Information is data that is significant to the observer because of its significance to the observer. Knowledge consists of information supported by intention or direction. We can say that knowledge is what turns information into instructions (recipes). Critics of the DIKW concept suggest that this notion of knowledge can be useful (and effective) in a business context, but does not agree well with what has been thought of as knowledge for thousands of years. According to DIKW, knowledge is the result of filtering information, while "traditional" knowledge and related processes, not to mention wisdom, are the result of more complex processes: social, cultural, etc. That is, DIKW gives a distorted and simplified representation of knowledge and wisdom. However, "the distinctive characteristics of knowledge are still subject to ambiguity in philosophy," and the answer to the question, "Where do you see the difference between data and information?" very few specialists, even from the IT sphere, can give. Therefore, the introduction of the data-information-knowledge relationship, albeit in a simplified form, is undoubtedly useful.
Data Science Life Cycle
The figure below illustrates the five stages of the data science life cycle:
- Capture (capture) — data collection, data input, signal reception, data extraction).
- Maintain (support) — data storage, data cleansing, data preparation, data processing, data architecture).

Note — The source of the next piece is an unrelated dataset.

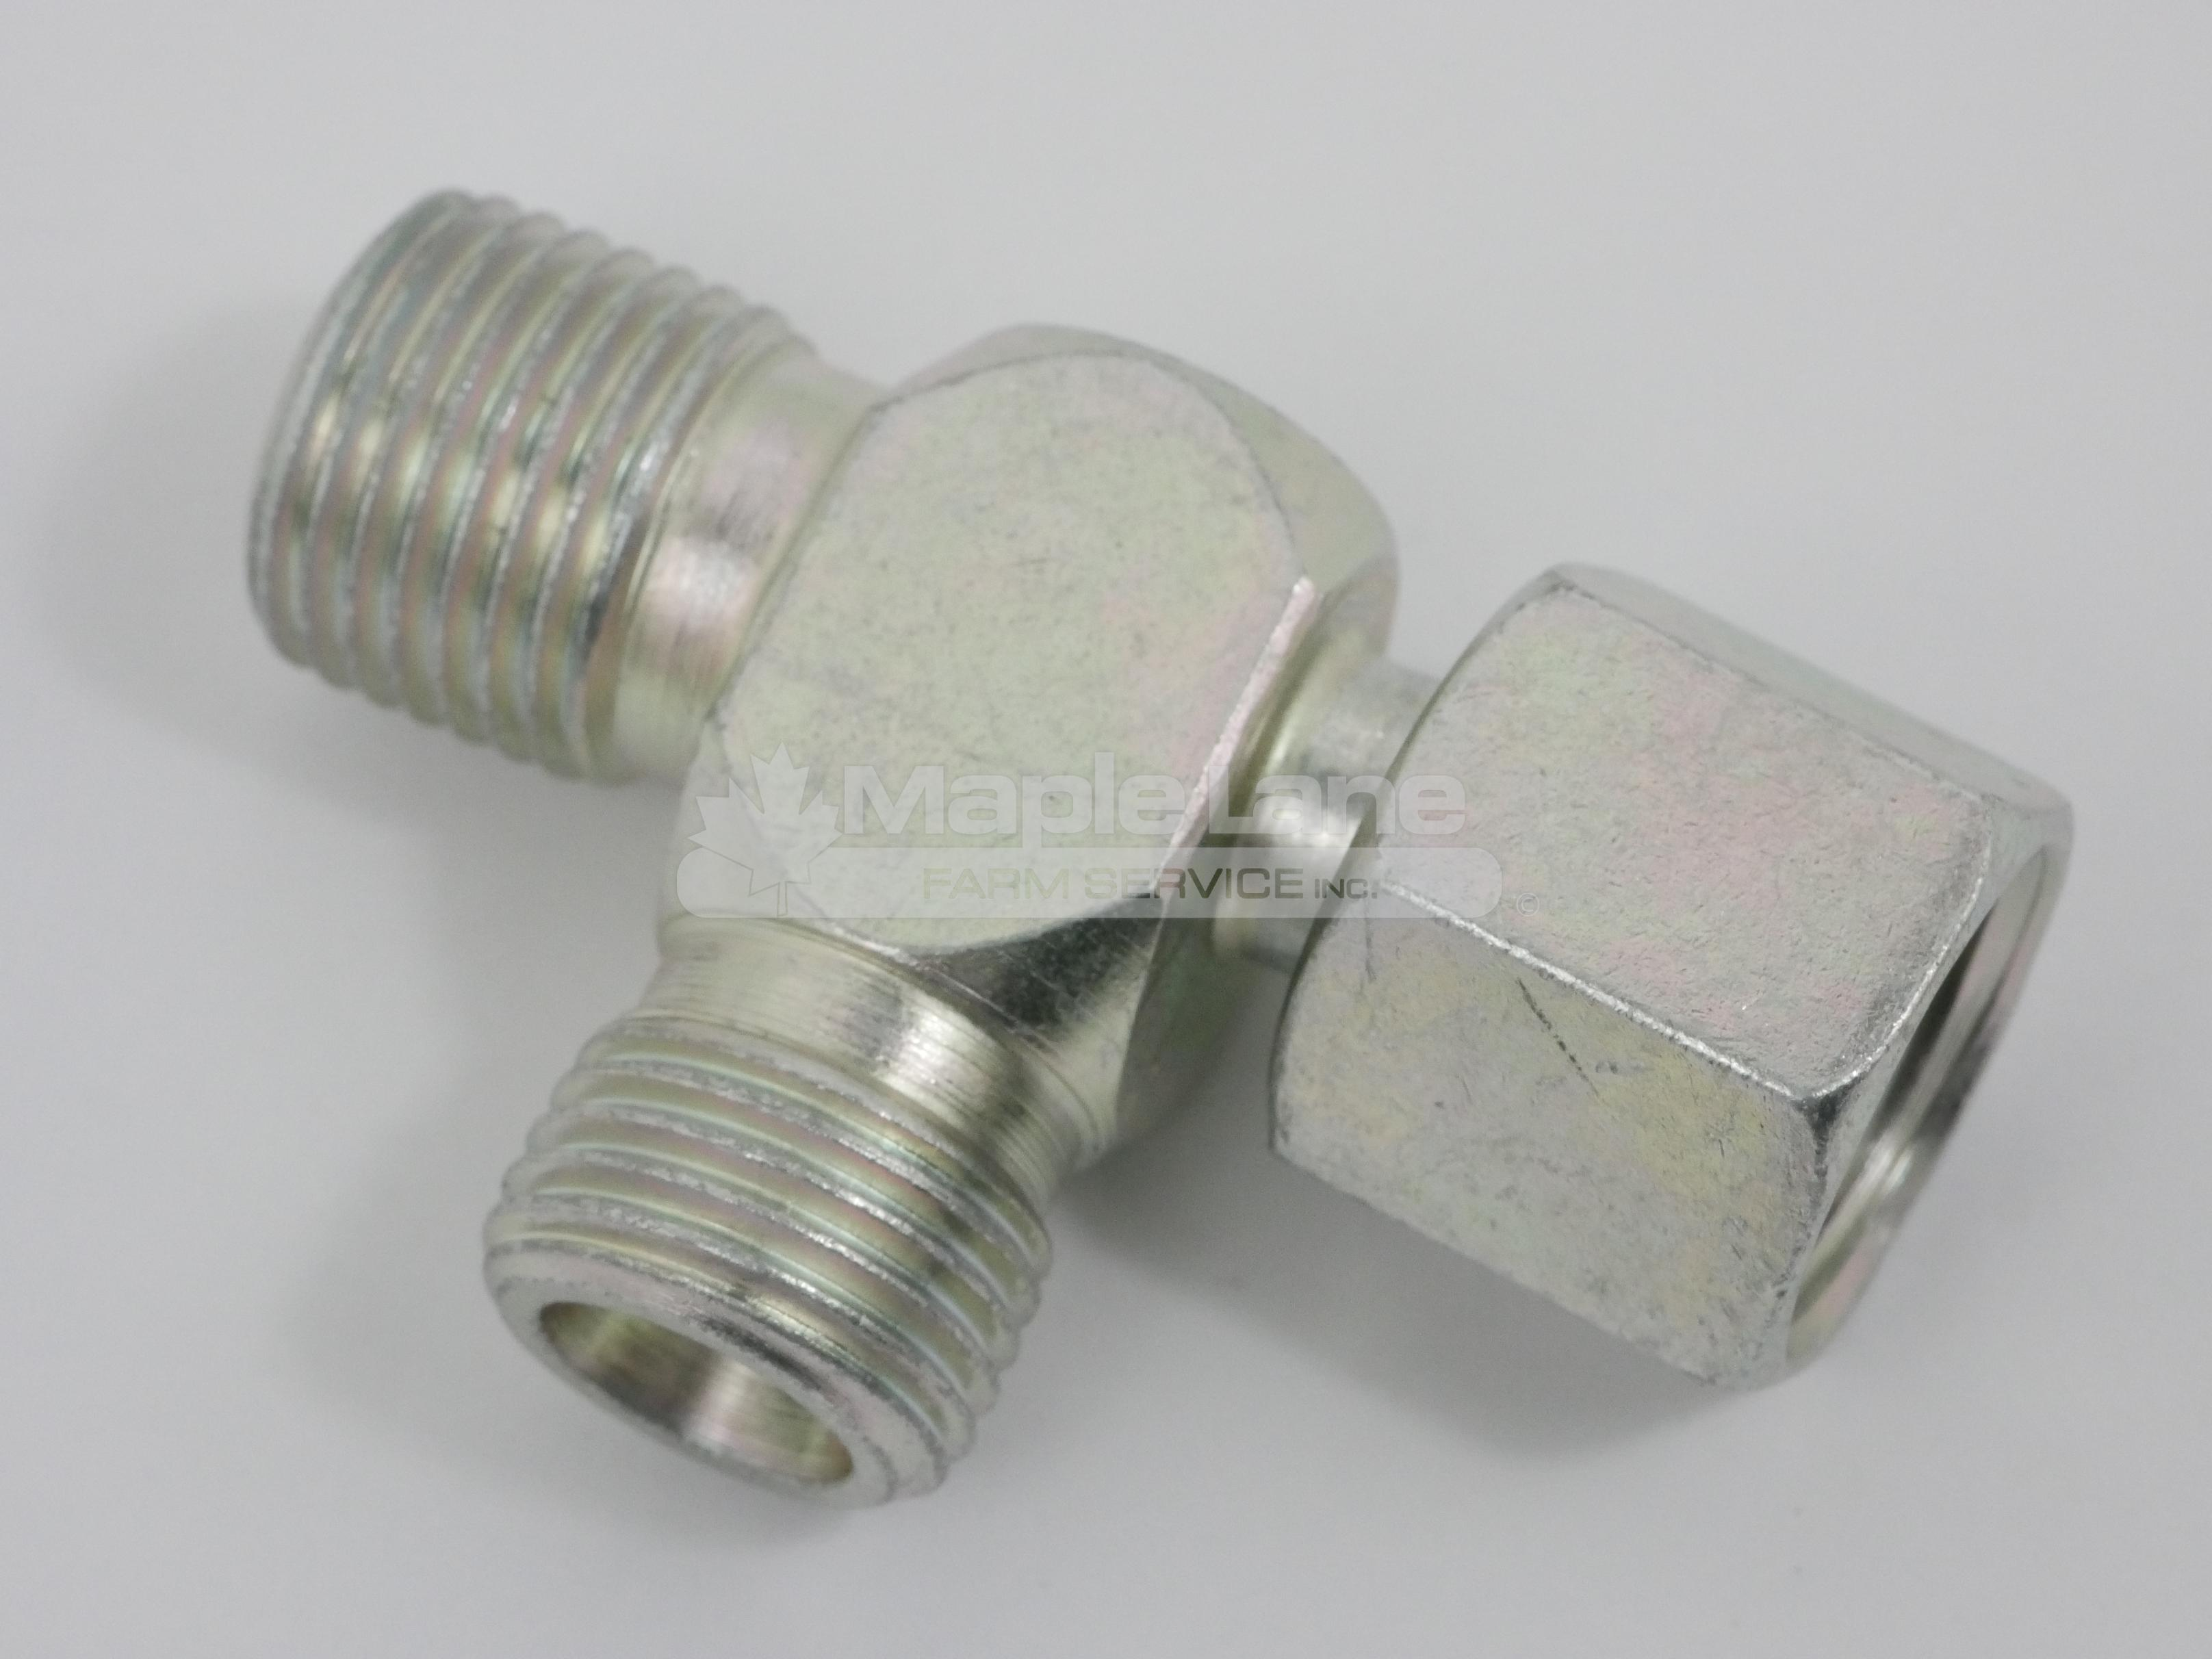 J190442 Tee Fitting

- Process — Data Mining, Clustering / Classification, Data Modeling, Data Synthesis).
- Analyze — search / confirmatory, predictive analysis, regression, text analysis, qualitative analysis).
- Communicate (communicating results) — data transfer, data visualization, business intelligence, decision making).
Accordingly, a Data Scientist must be able not only to mine and analyze, but also to process large amounts of data, and use a variety of tools. There is no unambiguous description of this profession yet, and it is unlikely to appear in the near future — too much depends on the scope of application of data skills.
The main tasks of a Data Scientist
A data scientist should be able to:
- extract the necessary information from a variety of sources;
- use information flows in real-time;
- to establish hidden patterns in data sets;
- statistically analyze them to make smart business decisions.
The data scientist must be curious and result-oriented, have a good knowledge of the industry in which he works, and have good communication skills that will allow him to explain the obtained technical results to his “non-technical” colleagues. He must have significant experience in statistics and linear algebra, as well as knowledge in programming, data warehousing, mining, and modeling to build and analyze algorithms.